◆ **Your instructions**
Exact transcription, pictures omitted: reproduce the listing below.

◆ **Dataset content**
*** Block opens ***

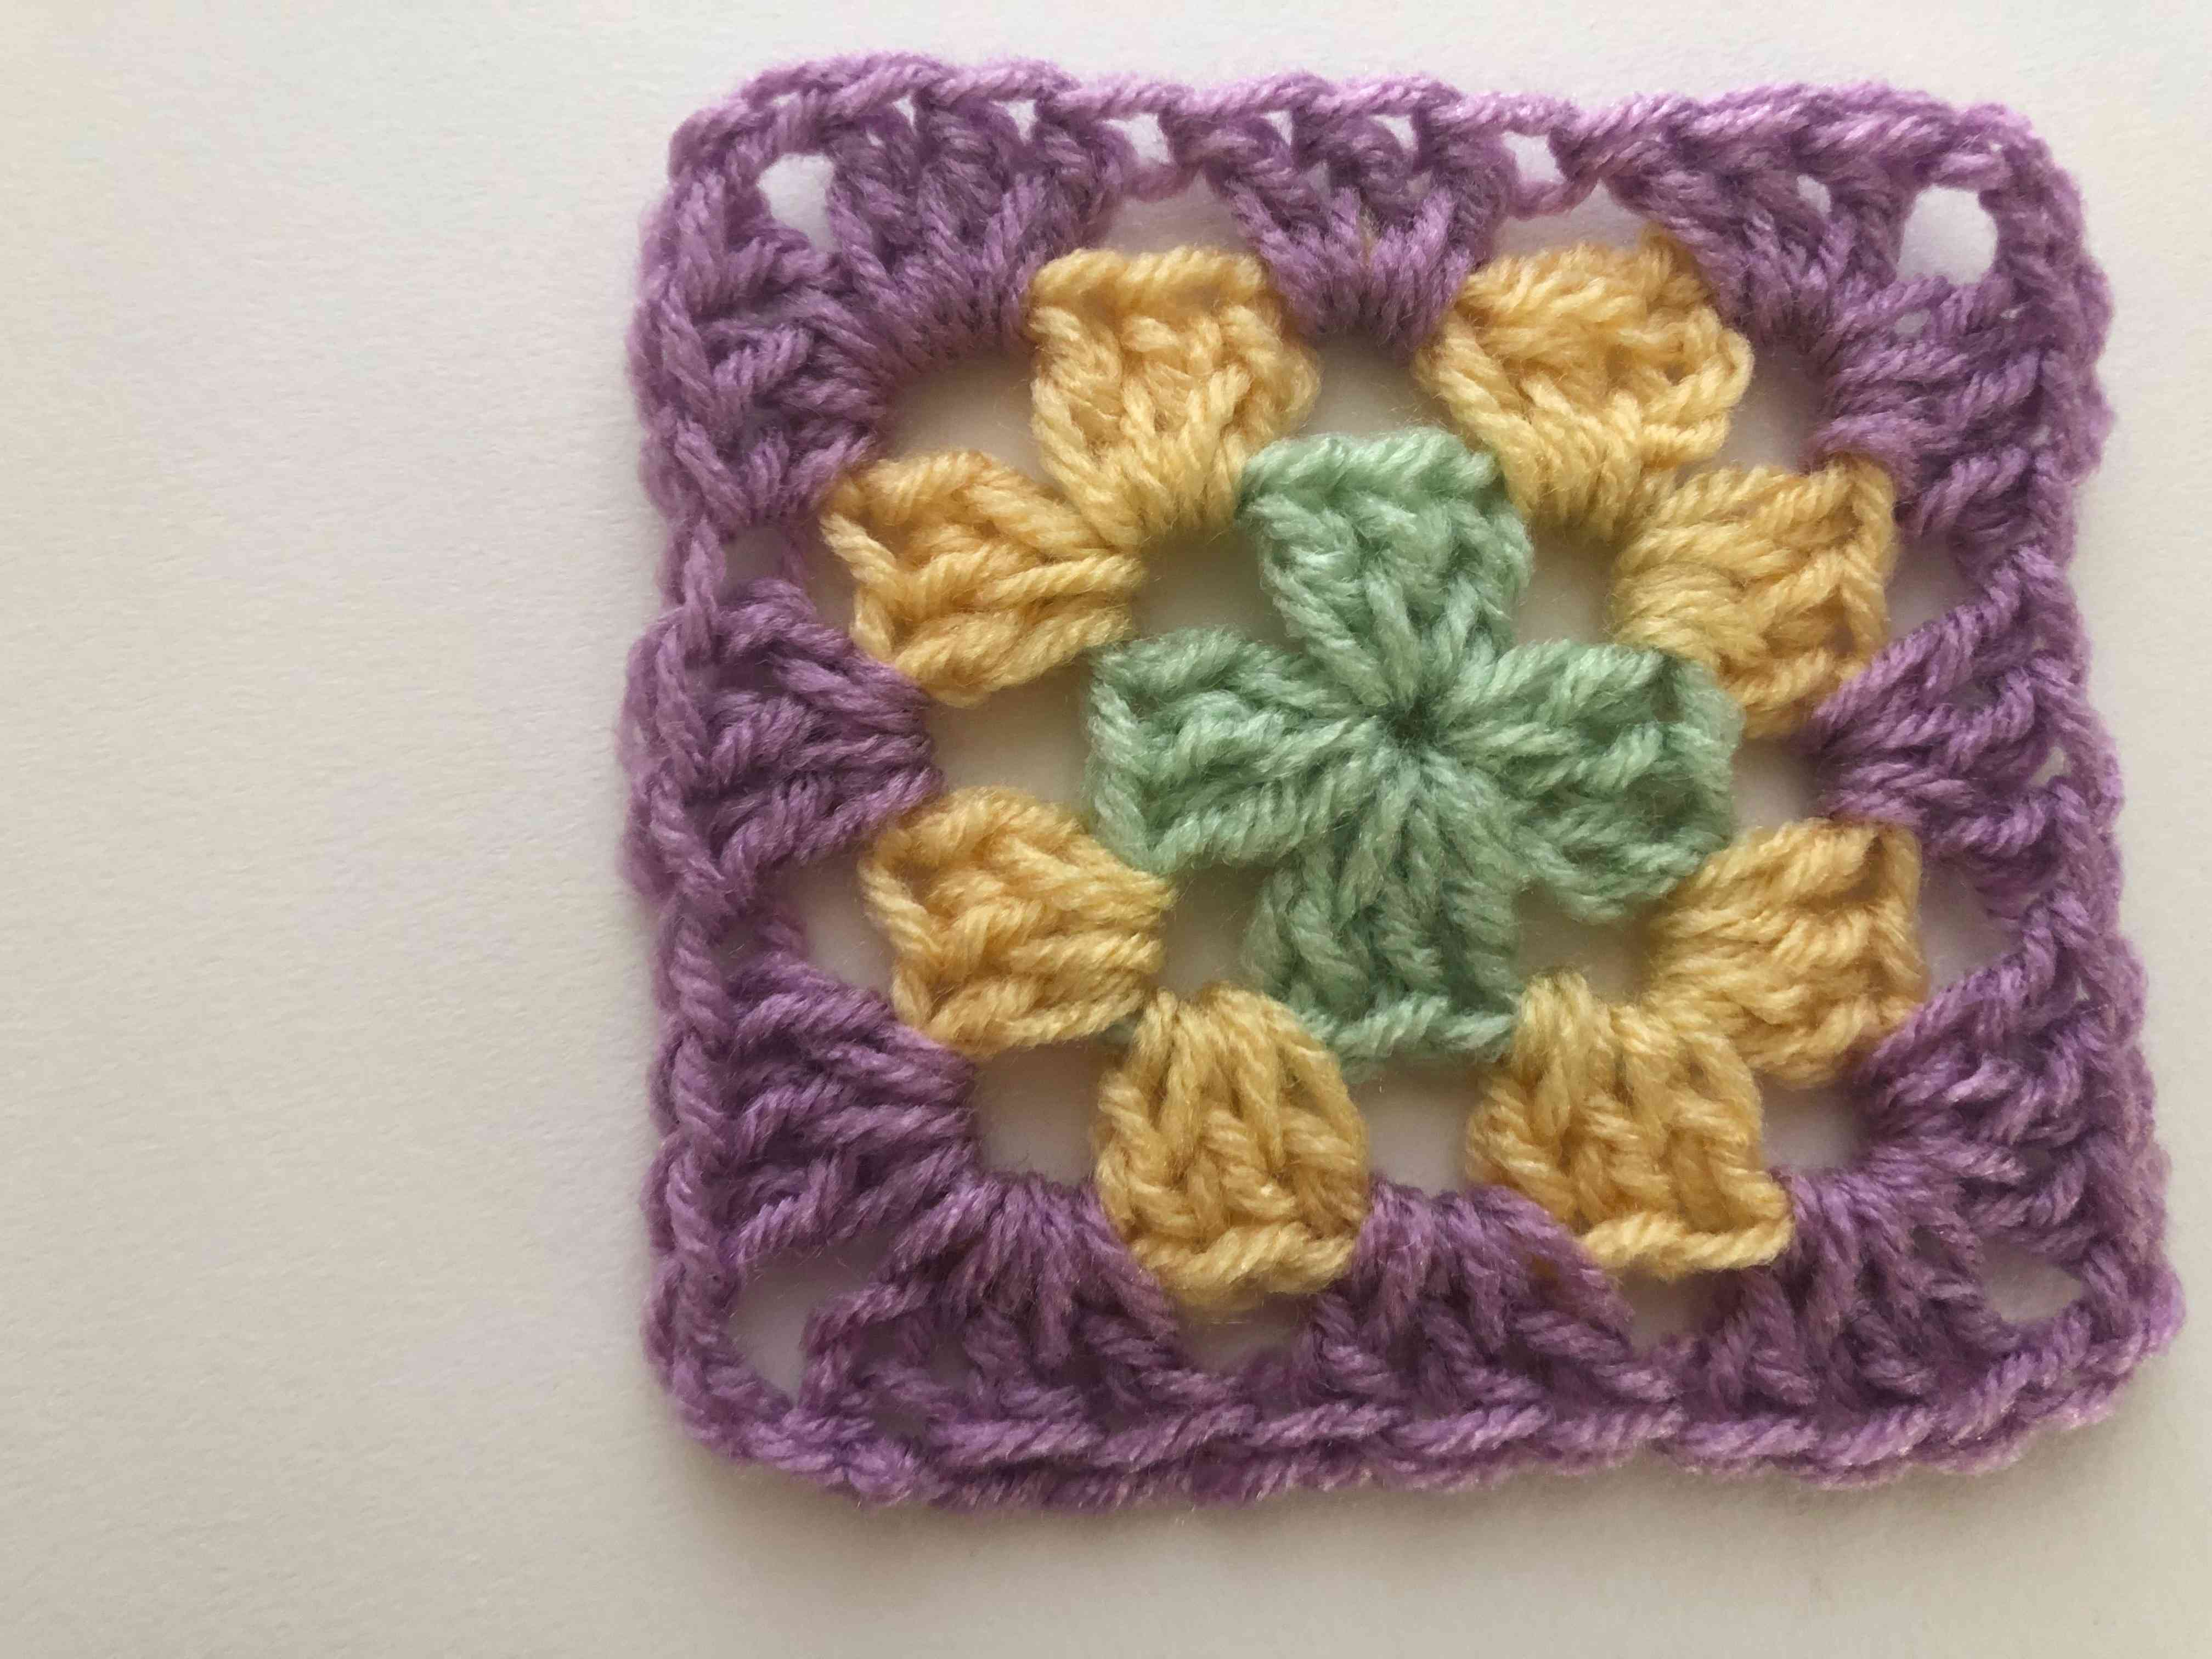 3 round crochet granny square
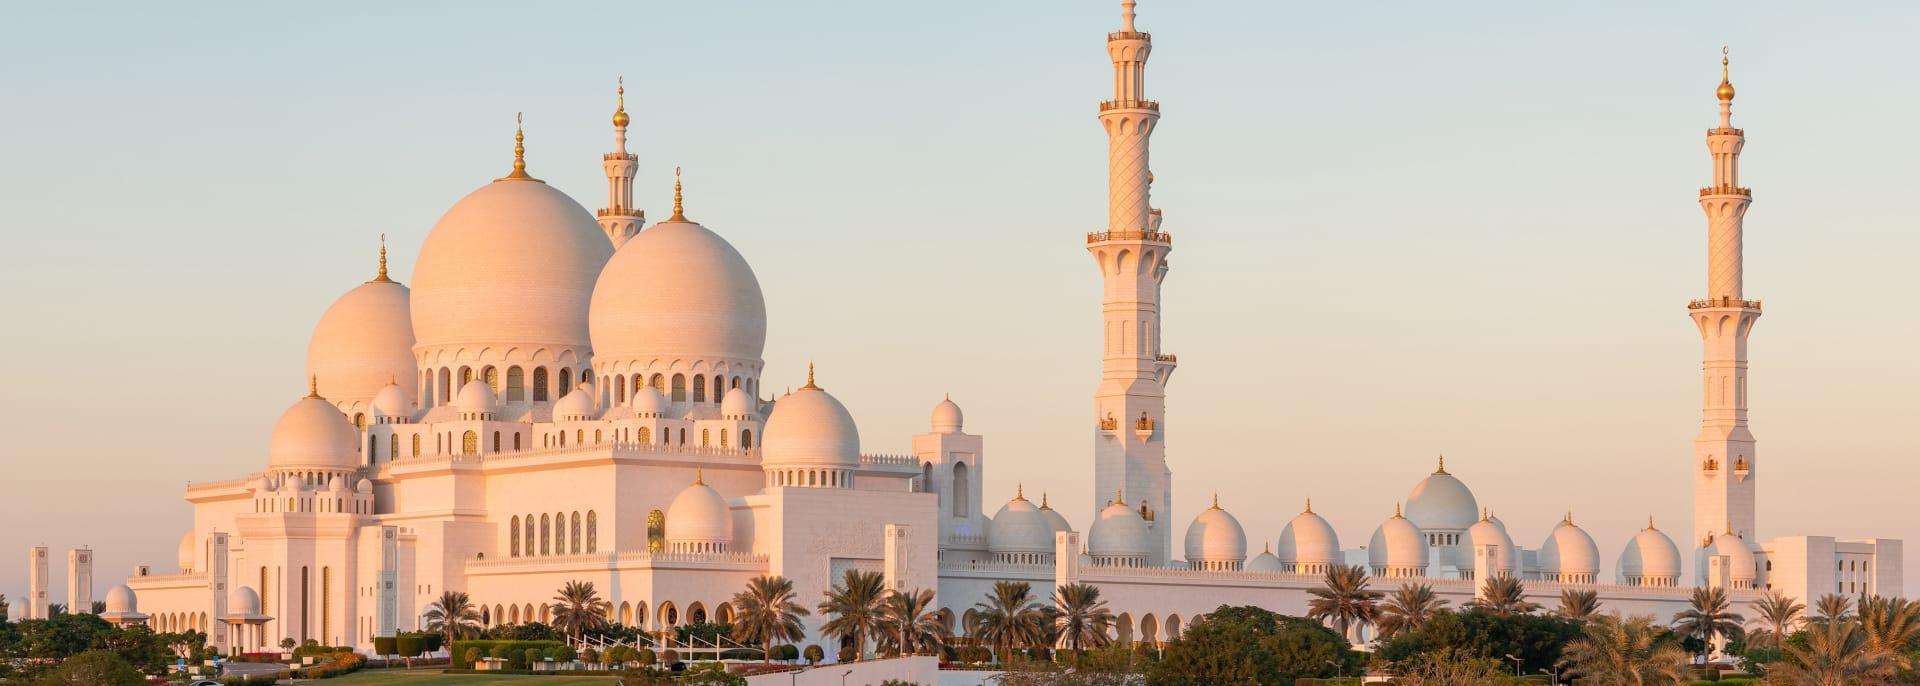 Sheikh Zayed Grand Moschee, Vereinigte Arabische Emirate
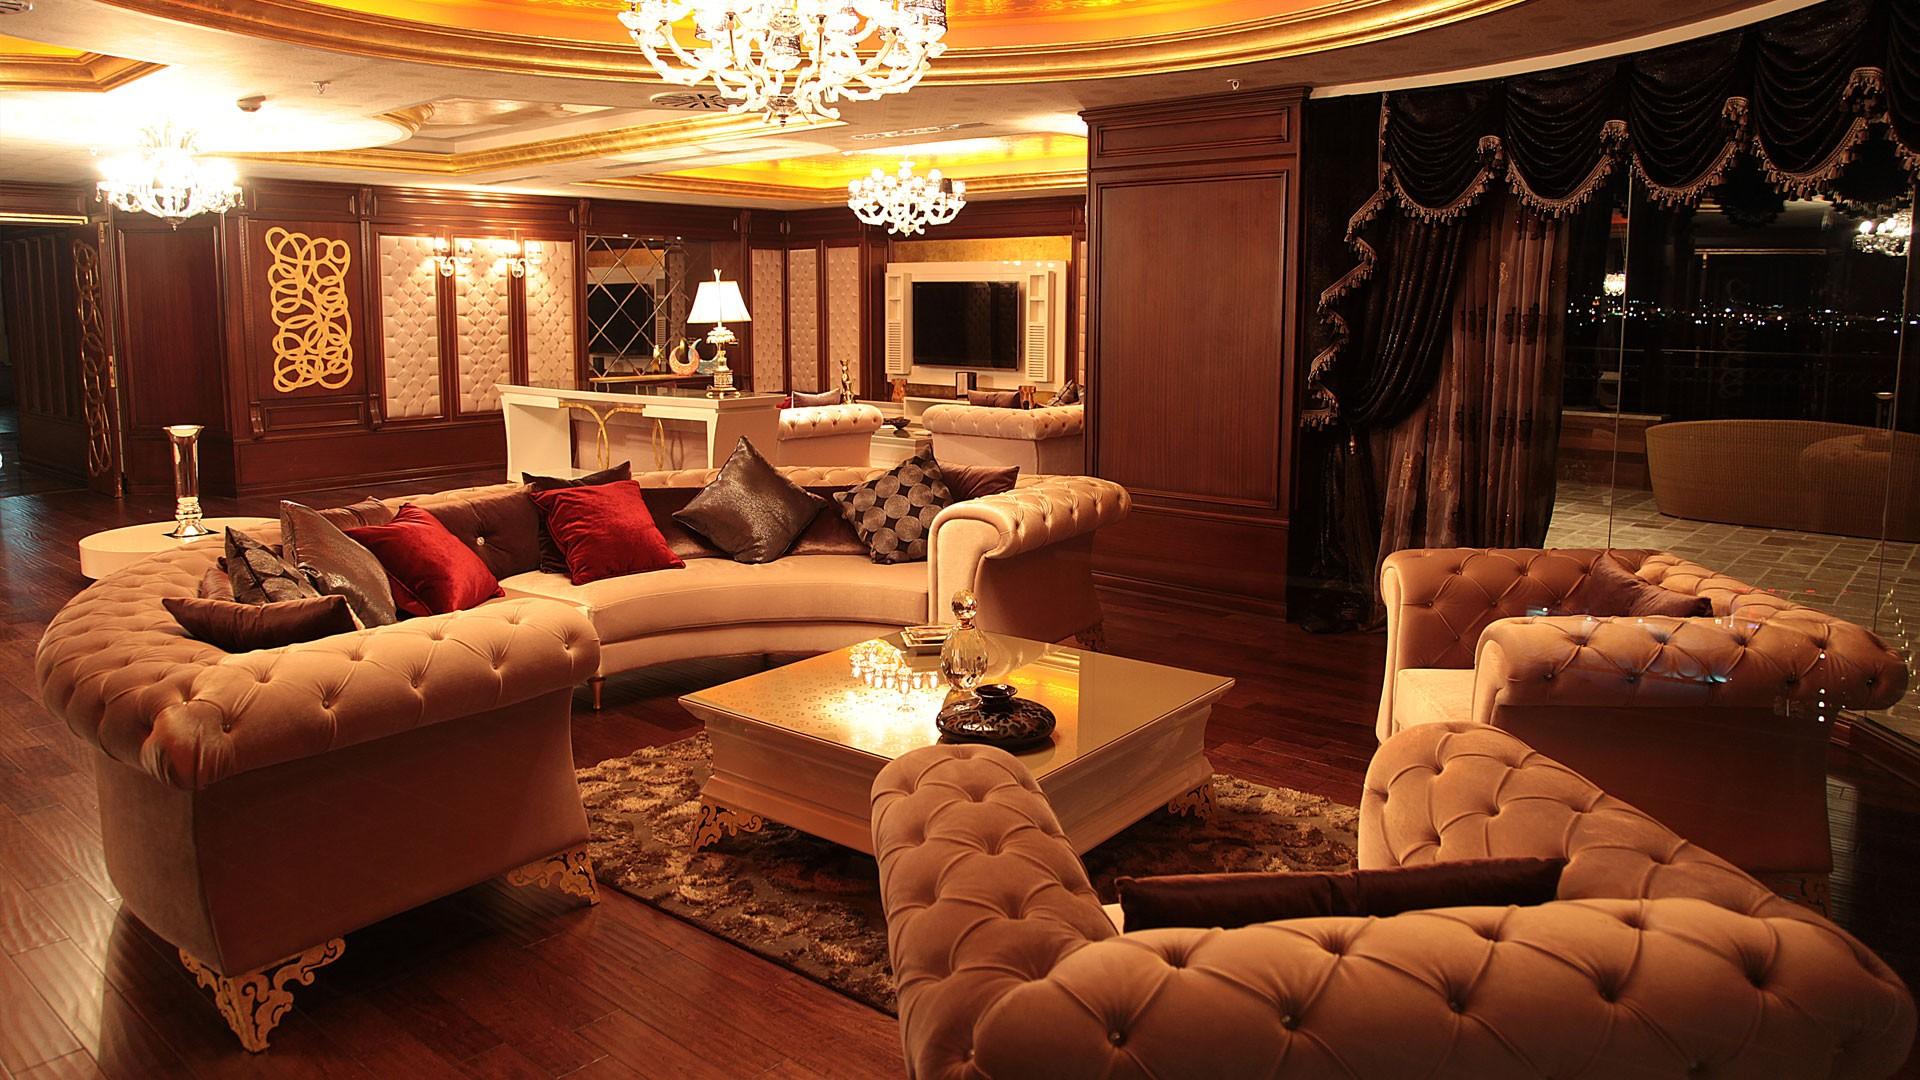 cratos premium hotel casino 5 кипр
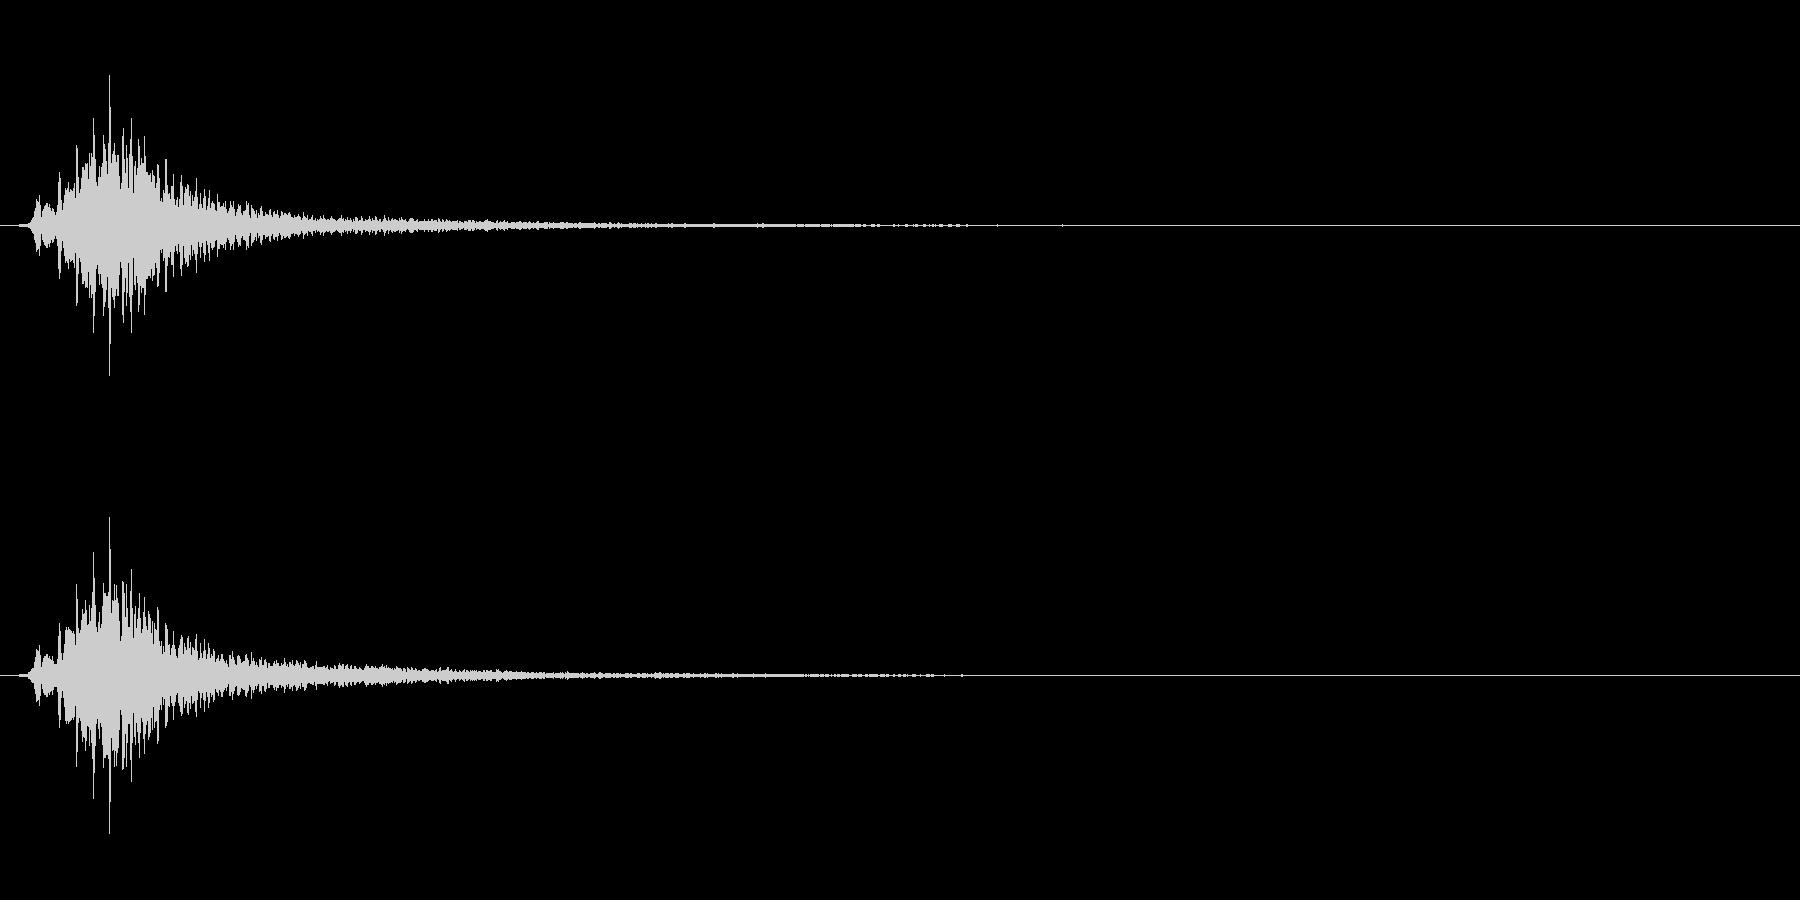 キラキラ系_012の未再生の波形

*** Block closes ***

◆ **Response box**
 3 round crochet granny square
 Sheikh Zayed Grand Moschee, Vereinigte Arabische Emirate
 cratos premium hotel casino 5 кипр
 キラキラ系_012の未再生の波形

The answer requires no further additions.